### HOW TO COMPLETE THIS TASK
What are the lines below, starting at the line containing "black semi automatic pistol on black case" and ending at the line containing "Gründungsversammlung im Gasthaus Crames"? Write them out exactly, ends included, without pictures.

### INPUT
▼▼▼

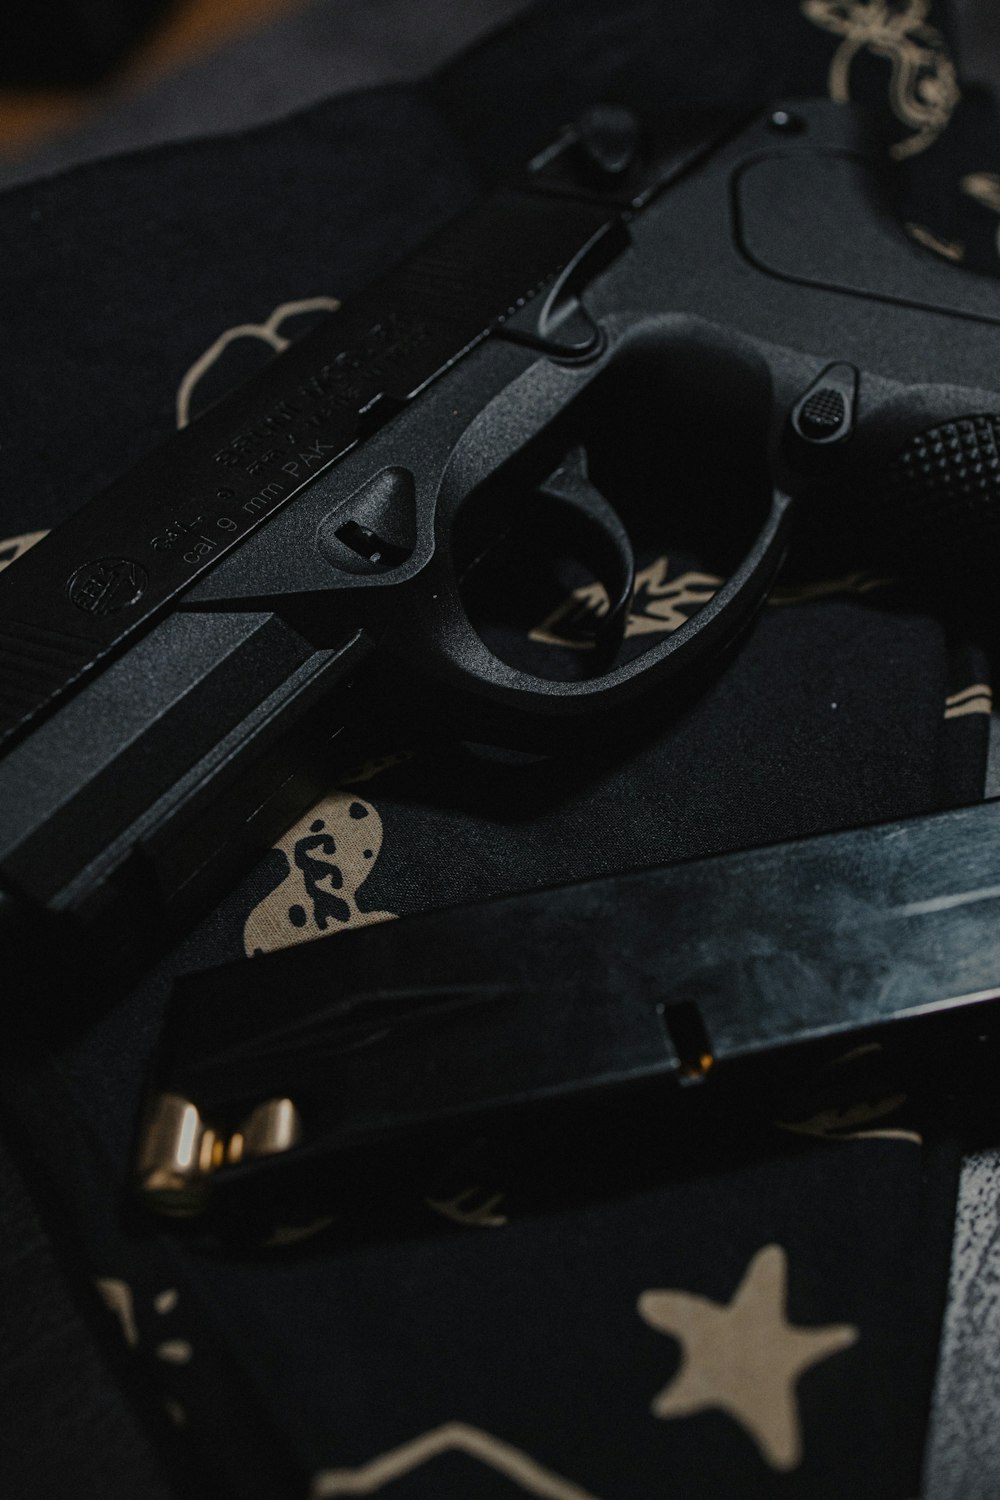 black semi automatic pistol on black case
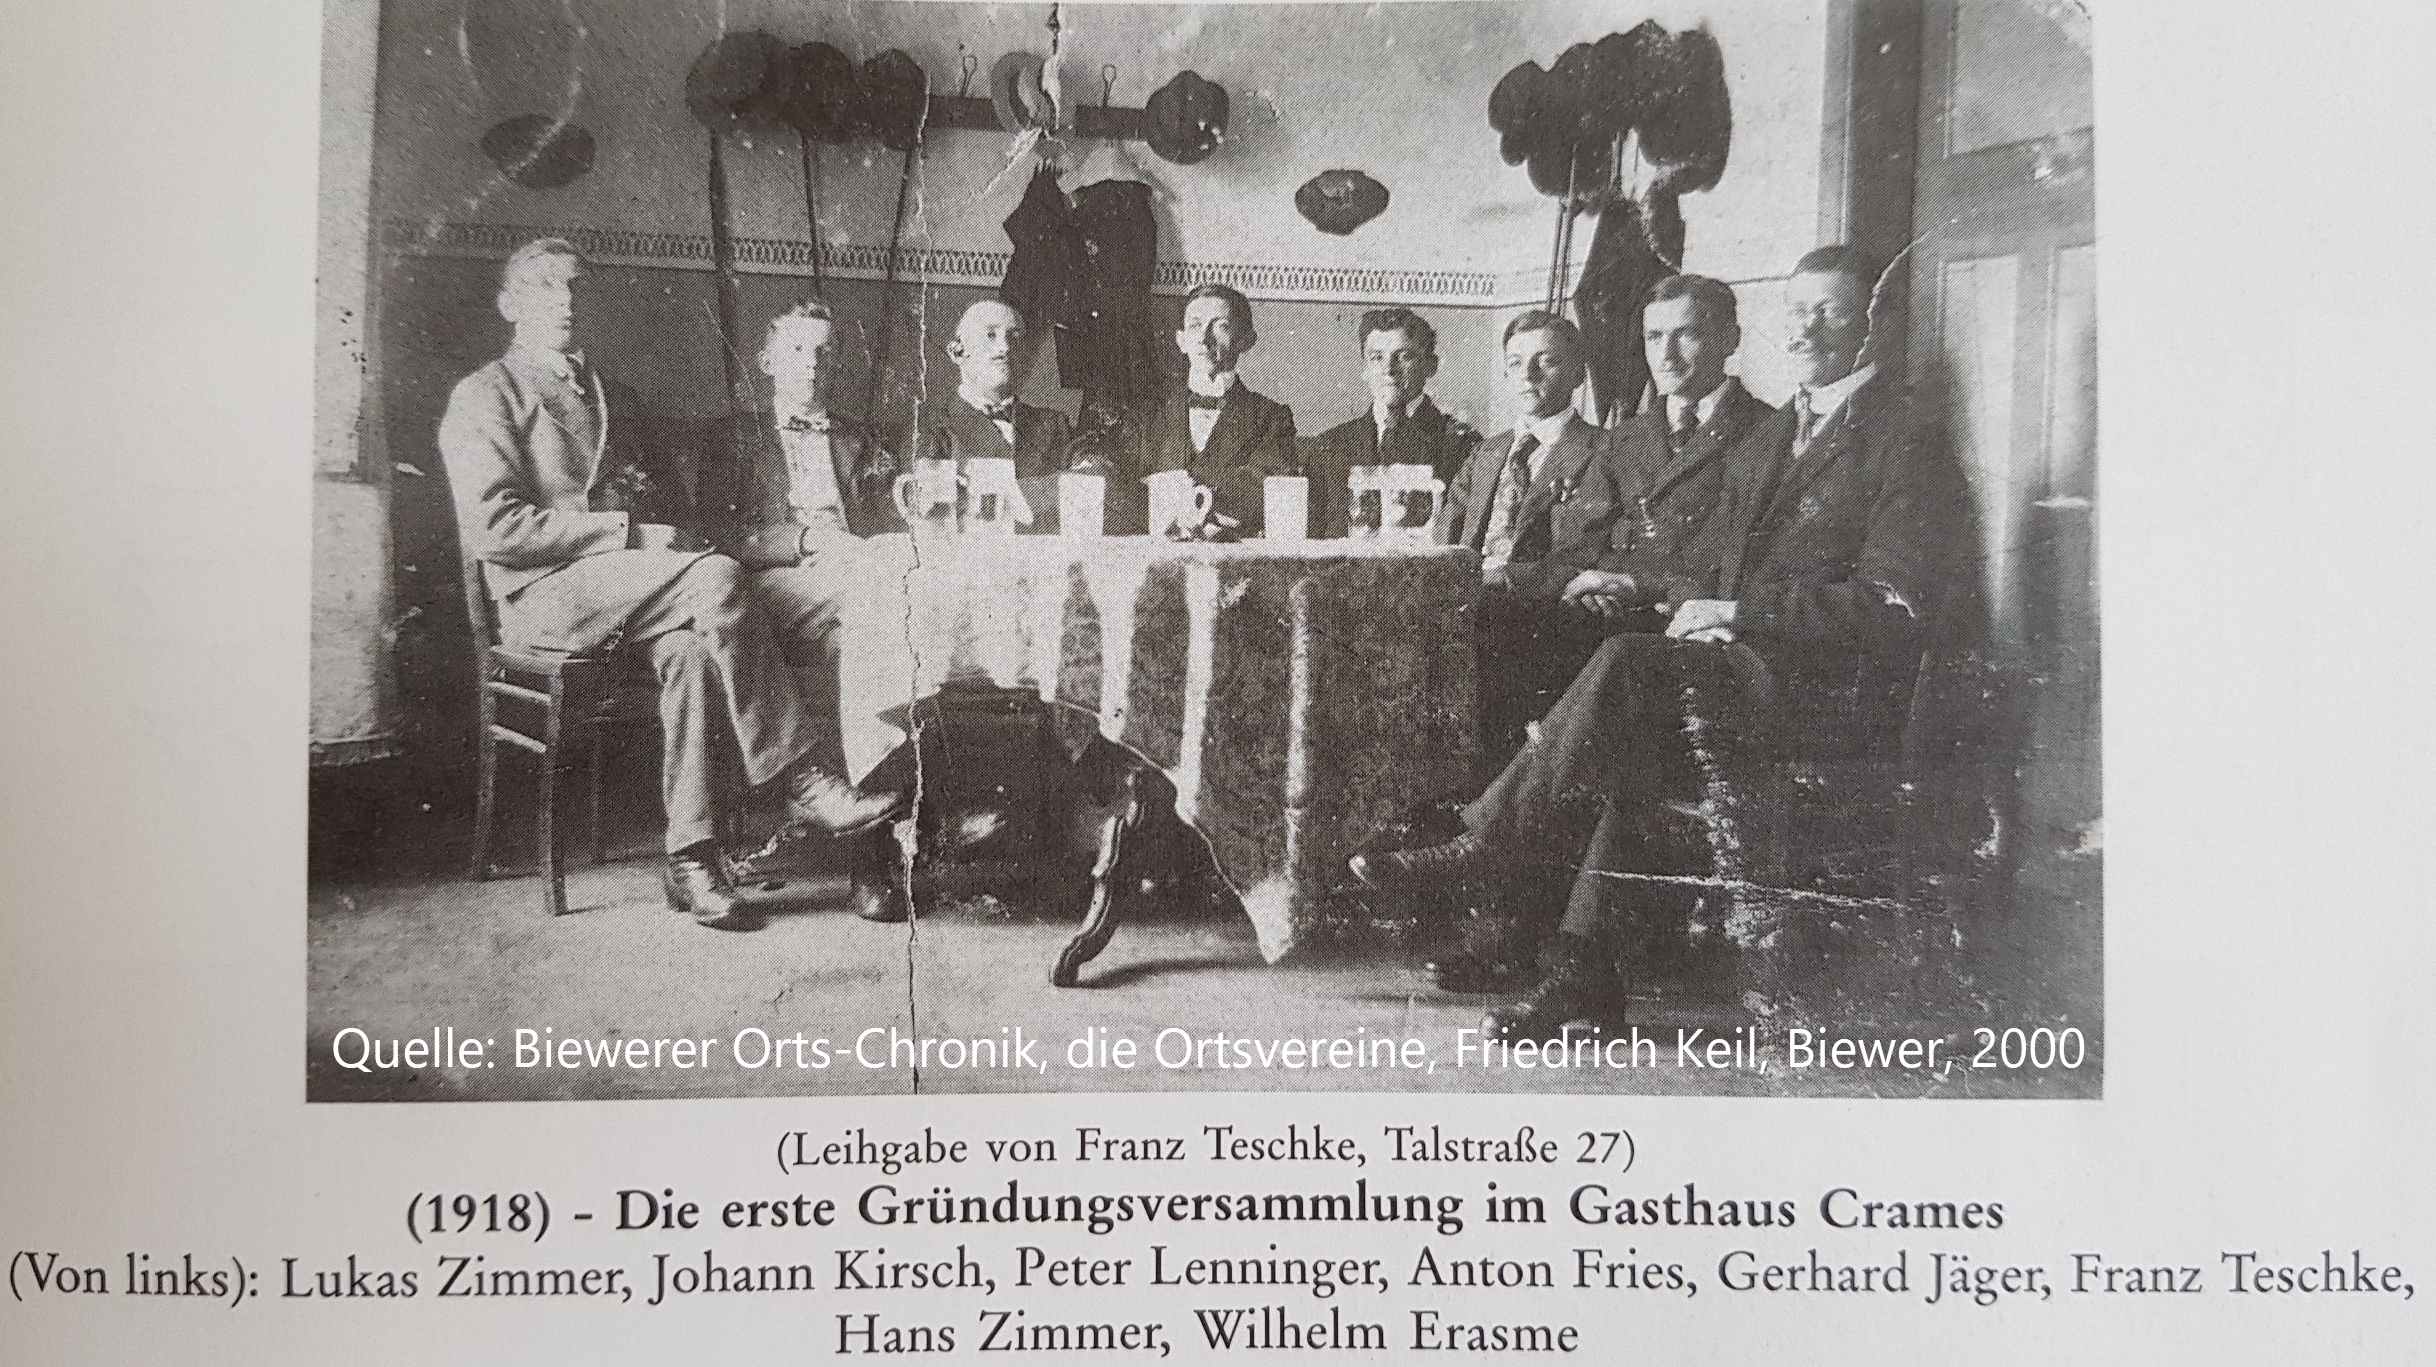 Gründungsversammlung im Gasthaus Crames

▲▲▲
▼▼▼

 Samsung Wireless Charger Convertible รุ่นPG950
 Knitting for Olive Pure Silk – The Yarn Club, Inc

▲▲▲
▼▼▼

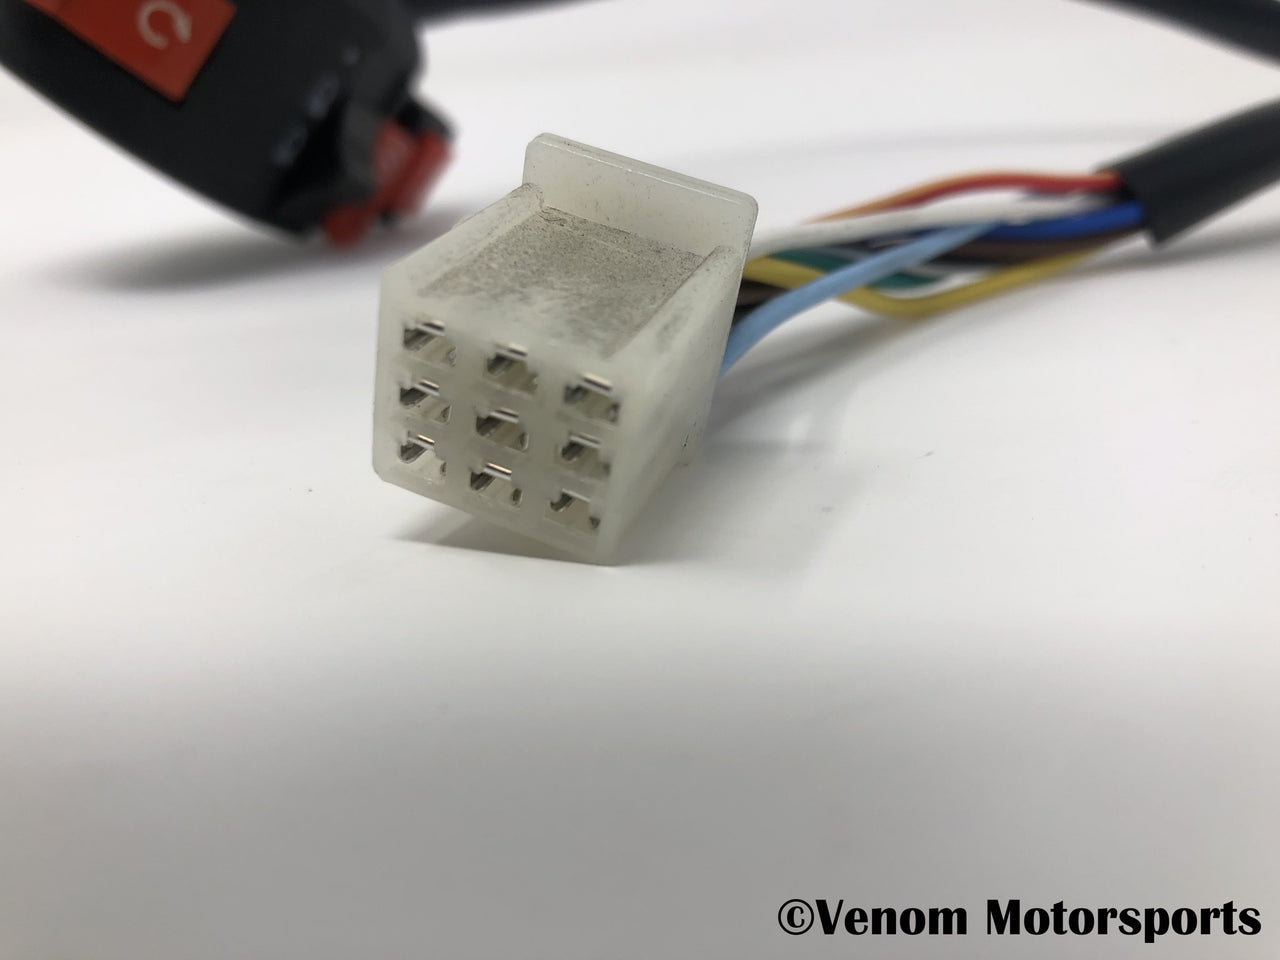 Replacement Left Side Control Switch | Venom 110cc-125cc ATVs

▲▲▲

### SOLUTION TO THE EXERCISE
 black semi automatic pistol on black case
 Gründungsversammlung im Gasthaus Crames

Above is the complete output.